(Problem): The whole listing, apart from its images, should be restated word for word.

(Data block):
▬▬▬▬▬▬▬▬▬▬

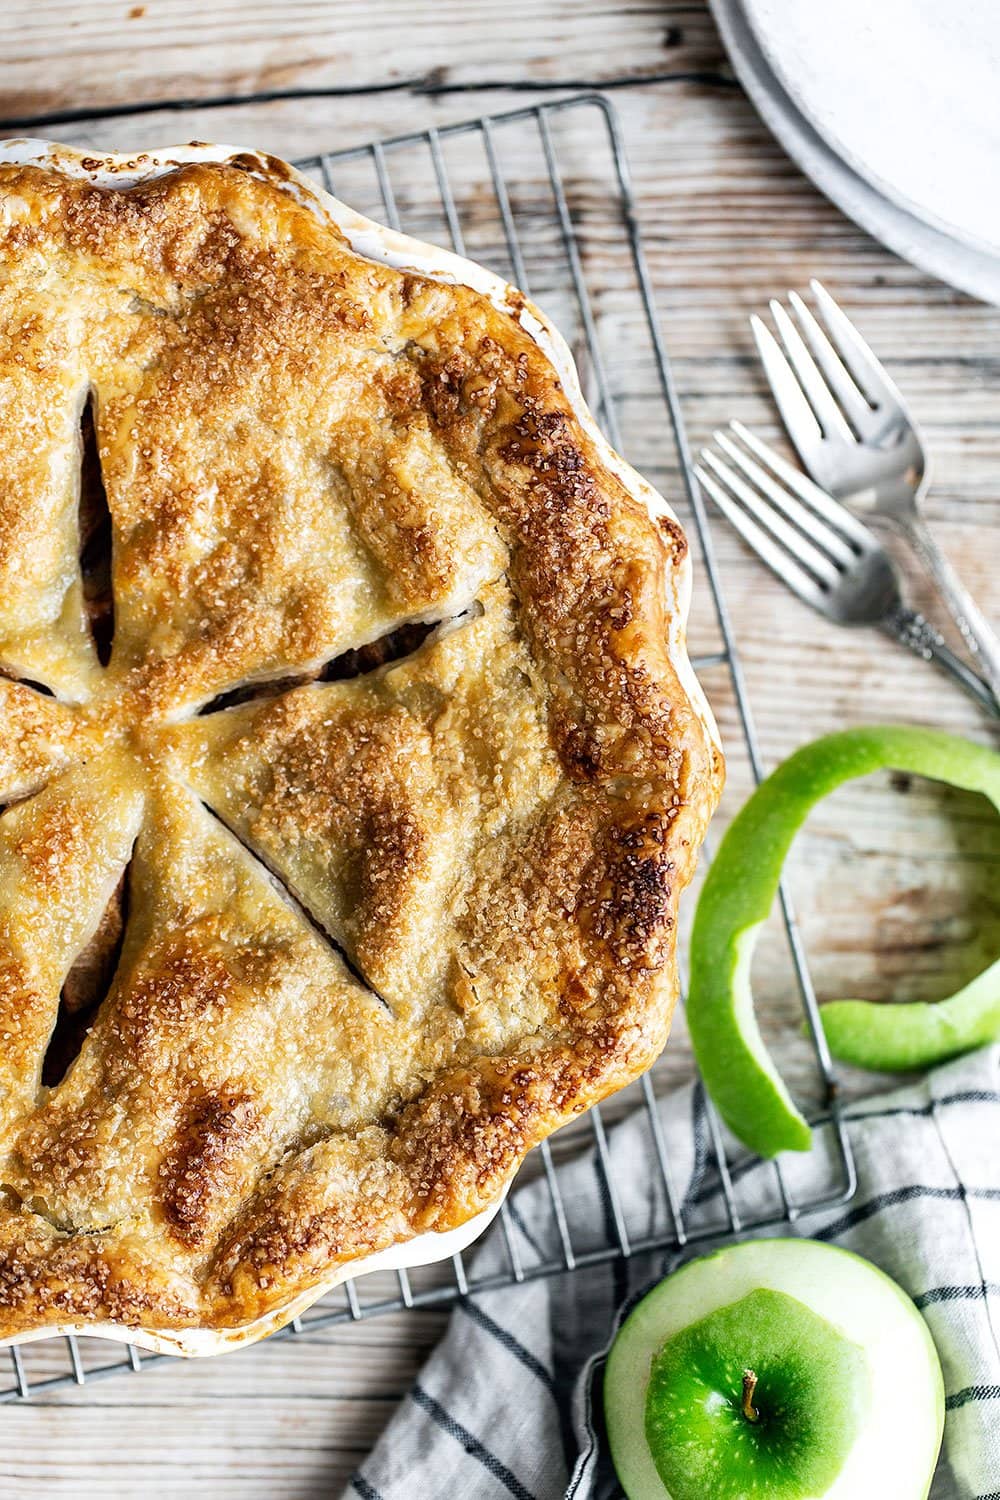 Golden brown apple pie on a wooden table
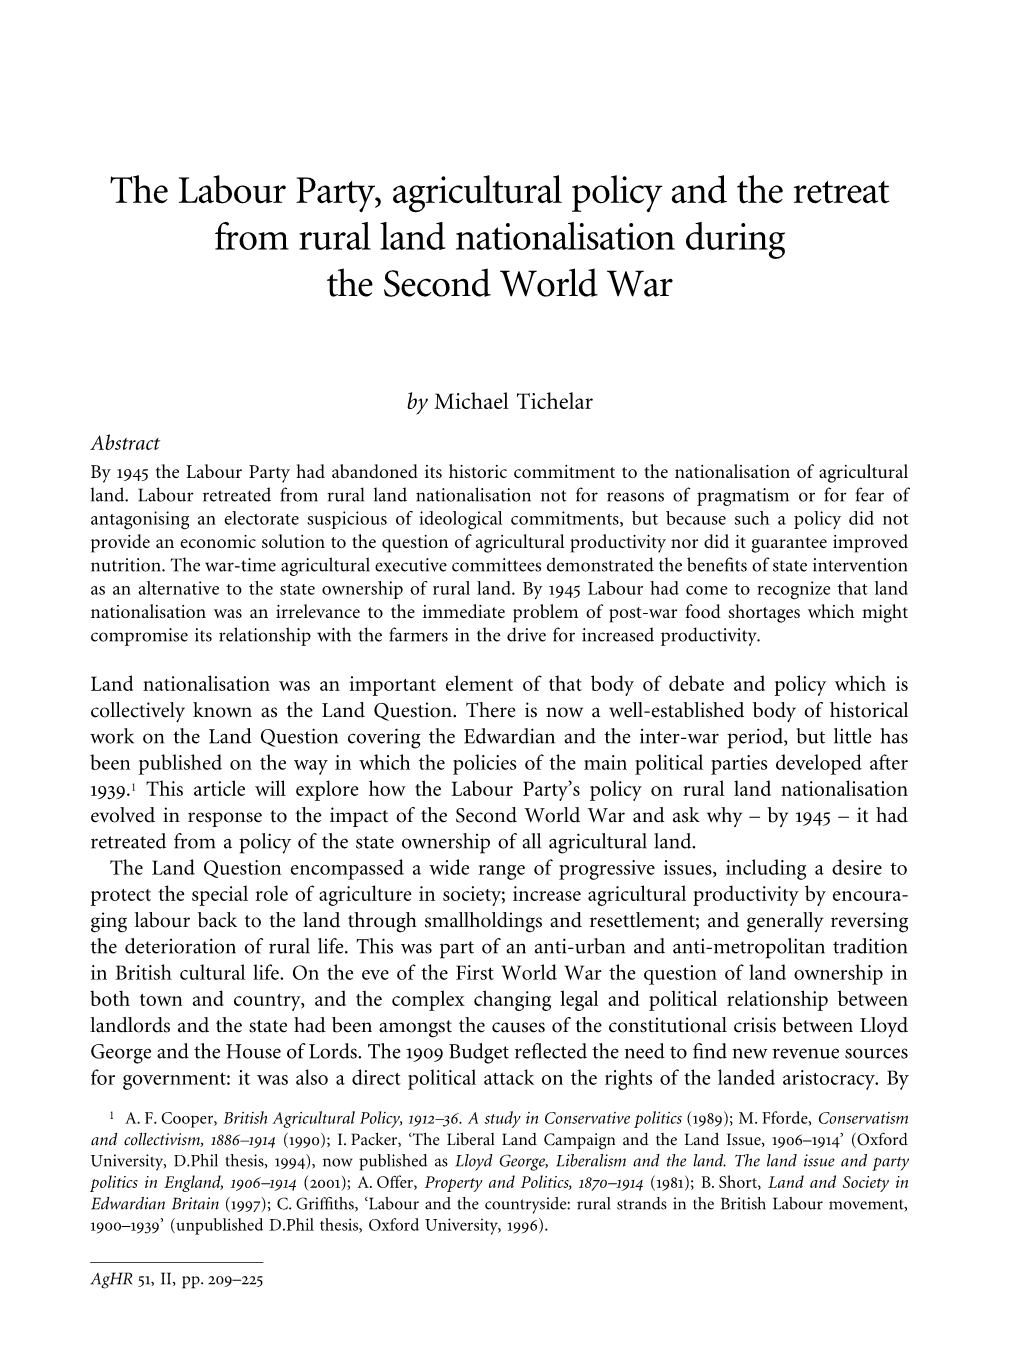 The Labour Party, Agricultural Policy and the Retreat from Rural Land Nationalisation During the Second World War
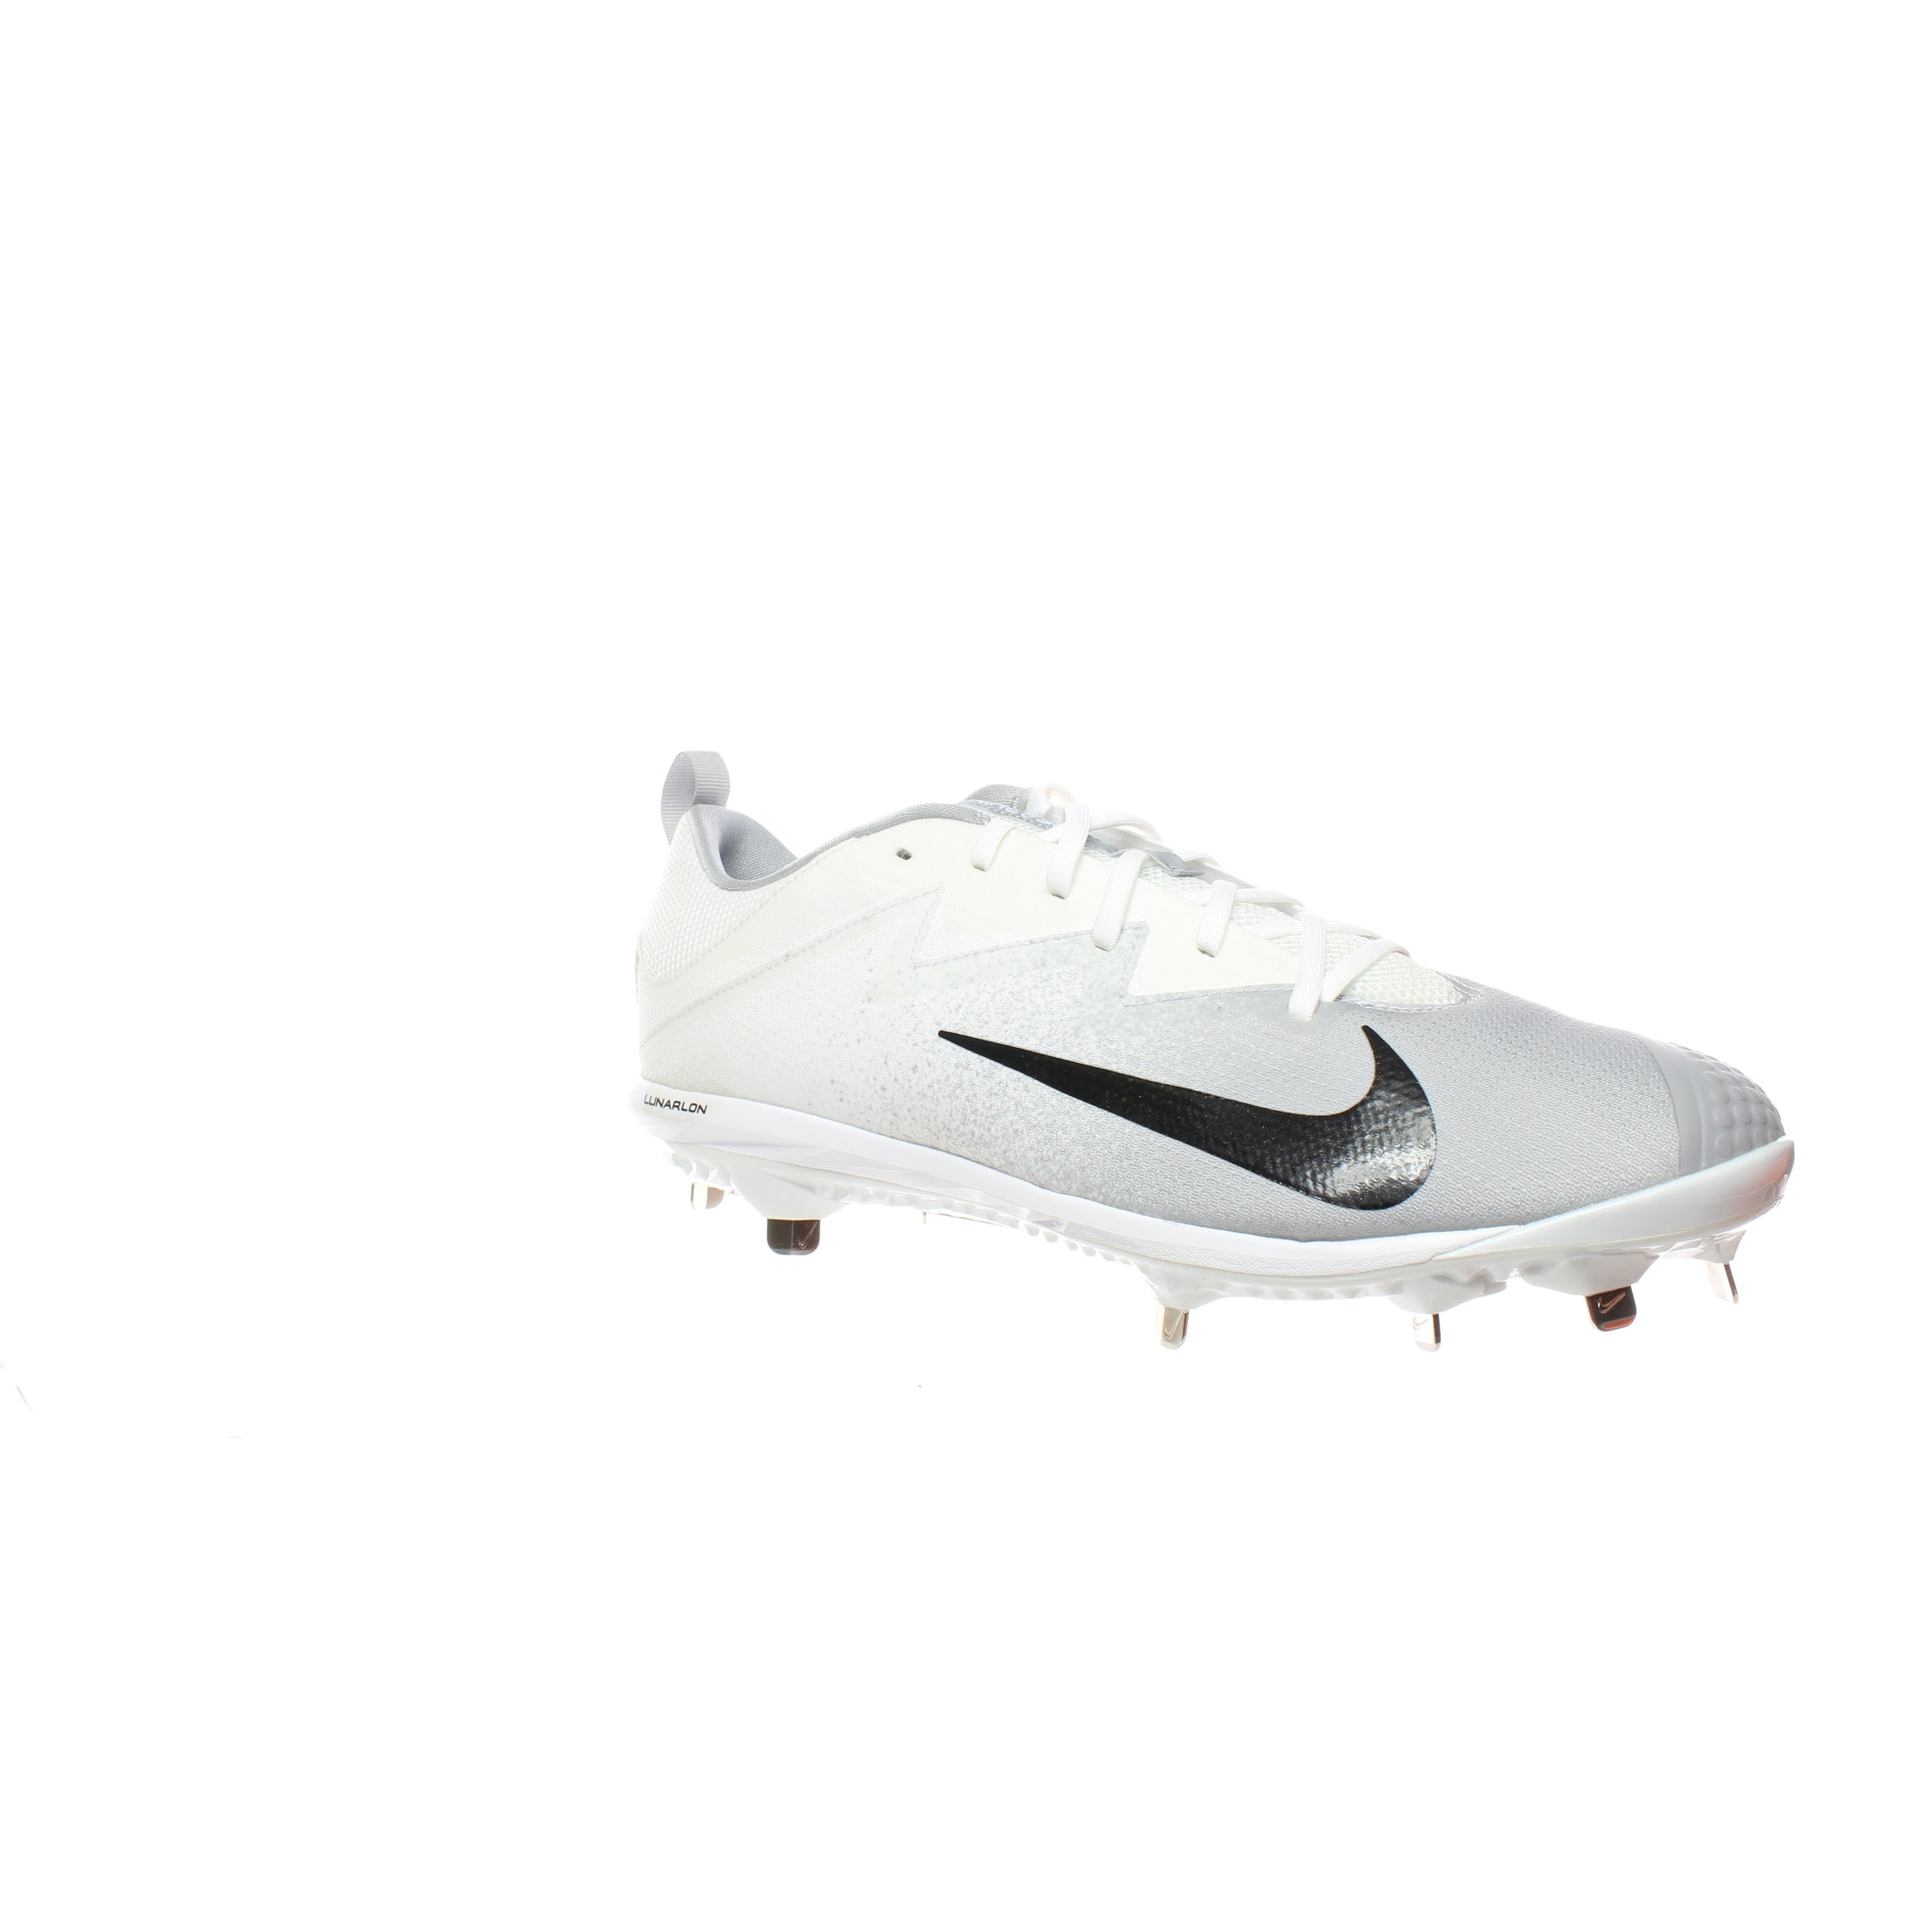 nike soccer cleats size 14

▬▬▬▬▬▬▬▬▬▬

(Task answer):
 Golden brown apple pie on a wooden table
 The Labour Party, Agricultural Policy and the Retreat from Rural Land Nationalisation During the Second World War
 nike soccer cleats size 14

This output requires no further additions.